К столетию со дня смерти Пушкина В. В. Вересаев издал книгу воспоминаний современников о поэте «Пушкин в жизни» (переиздана в наше время), включив туда и заведомые сплетни, полагая, что и сплетни каким-то образом характеризуют человека. У меня нет ни малейшего желания заниматься пересортицей этого материала, отделять добросовестные воспоминания от злопыхательских и конъюнктурных. В достатке материалов, восходящих непосредственно к личности поэта.
Тут возникает ситуация восхитительная! Пушкин пророчествовал: «Нет, весь я не умру – душа в заветной лире / Мой прах переживет…» Есть собрания сочинений поэта, в существенном объеме их рукописи (в фотокопиях они стали доступны широкому кругу интересующихся). Разве не заманчиво: через головы веков для желающих сохраняется возможность беседовать с вечно живым Пушкиным! Не на все, но на очень многие вопросы можно получить прямой ответ!
Осуществить такое намерение непросто. Надо соблюдать условия, при которых можно чисто и ясно, без помех, без шумов времени воспринимать живой и достоверный голос поэта.

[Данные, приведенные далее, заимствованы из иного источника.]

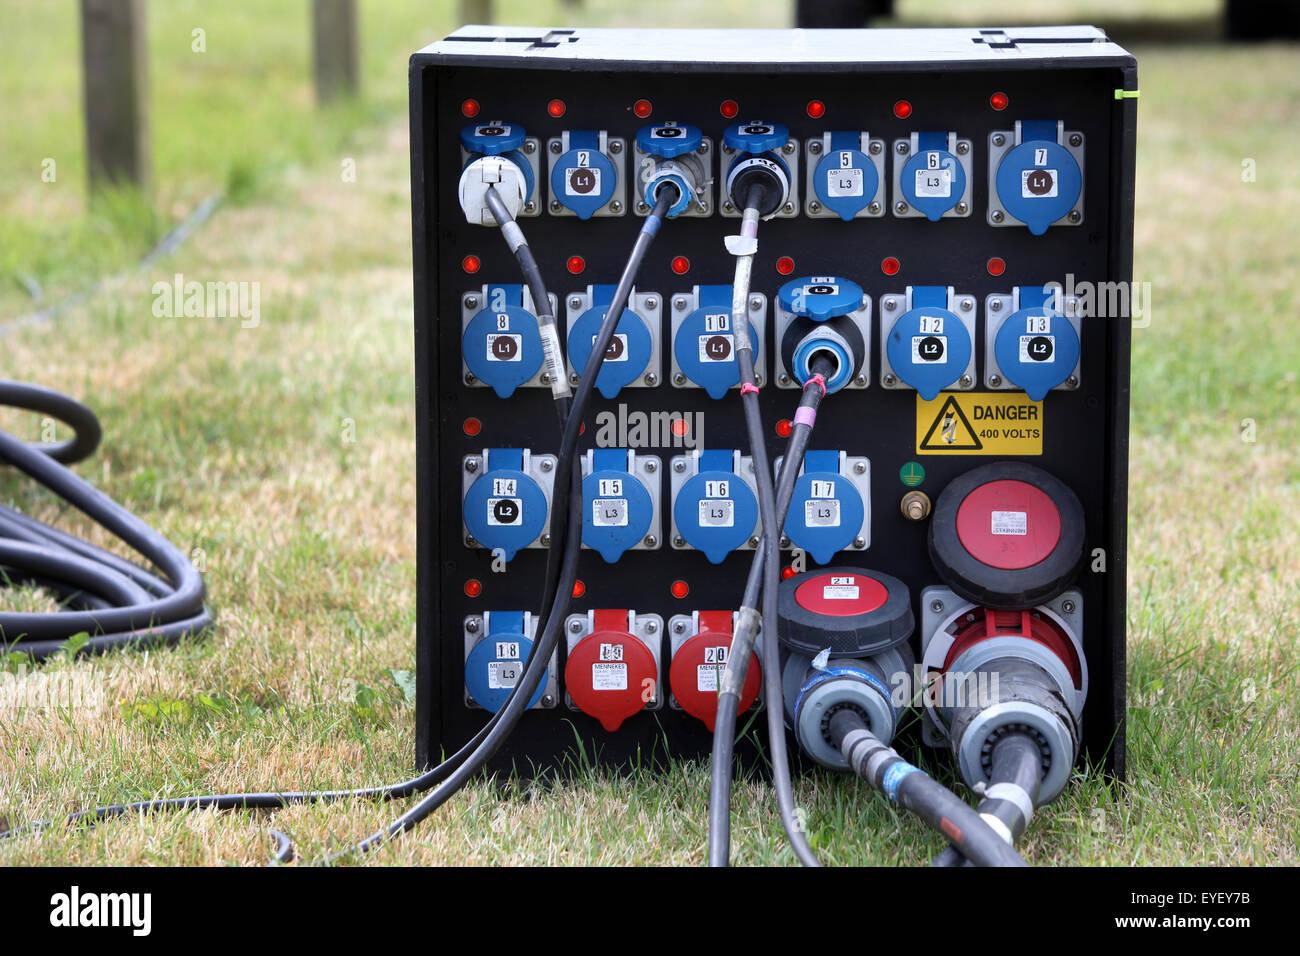 Im freien Strom Power Management Anschlussdose an ein outdoor-event Stockbild

Как-никак, основу художественного наследия Пушкина составляют литературные произведения, где воспроизводятся отъединенные от самого поэта, вымышленные им герои – Руслан и Людмила, Алеко и Земфира, Онегин и Татьяна, Медный всадник и Евгений, Гринев и Маша Миронова, царь Дадон и Шамаханская царица (а сколько еще!). Естественно предположение, что в отстраненное от личного вкладывается и свое – как минимум свой жизненный опыт, свои симпатии: как вычленить это личное? Но даже при обращении к творениям, которые носят открыто автобиографический характер, нельзя не считаться с элементом условности: живой человек не может физически перейти на страницы произведения, неизбежно происходит акт пересоздания, человек становится образом. Пусть он остается узнаваемым, но в изображение неизбежно – сознательно или бессознательно – вносятся видоизменения. Они минимальны, когда происходит только отбор пережитого, хотя и это фактор существенный; но чаще происходит и качественное переосмысление отобранного материала в свете авторской установки. Вновь возникает та же проблема: как в творении распознать реальную, живую душу поэта?
Один и тот же факт жизни может по-разному восприниматься человеком и творцом.
26 сентября 1835 года в Михайловском Пушкин написал стихотворение «Вновь я посетил…» Уникальный в своем роде прозаический черновик его находим в накануне написанном письме к жене. Вот особо примечательная деталь: «В Михайловском нашел я всё по-старому, кроме того, что нет уж в нем няни моей и что около знакомых старых сосен поднялась, во время моего отсутствия, молодая сосновая семья, на которую досадно мне смотреть, как иногда досадно мне видеть молодых кавалергардов на балах, на которых уже не пляшу. Но делать нечего…» «Досадно» письма меняется на «Здравствуй, племя младое…» стихотворения: какая поразительная эмоциональная метаморфоза!
Ряд подобных несоответствий (вплоть до прямого контраста) между жизненным переживанием и его поэтическим воплощением окажется длинным. О чем это говорит? Проблема сложная, в ней необходимо разобраться.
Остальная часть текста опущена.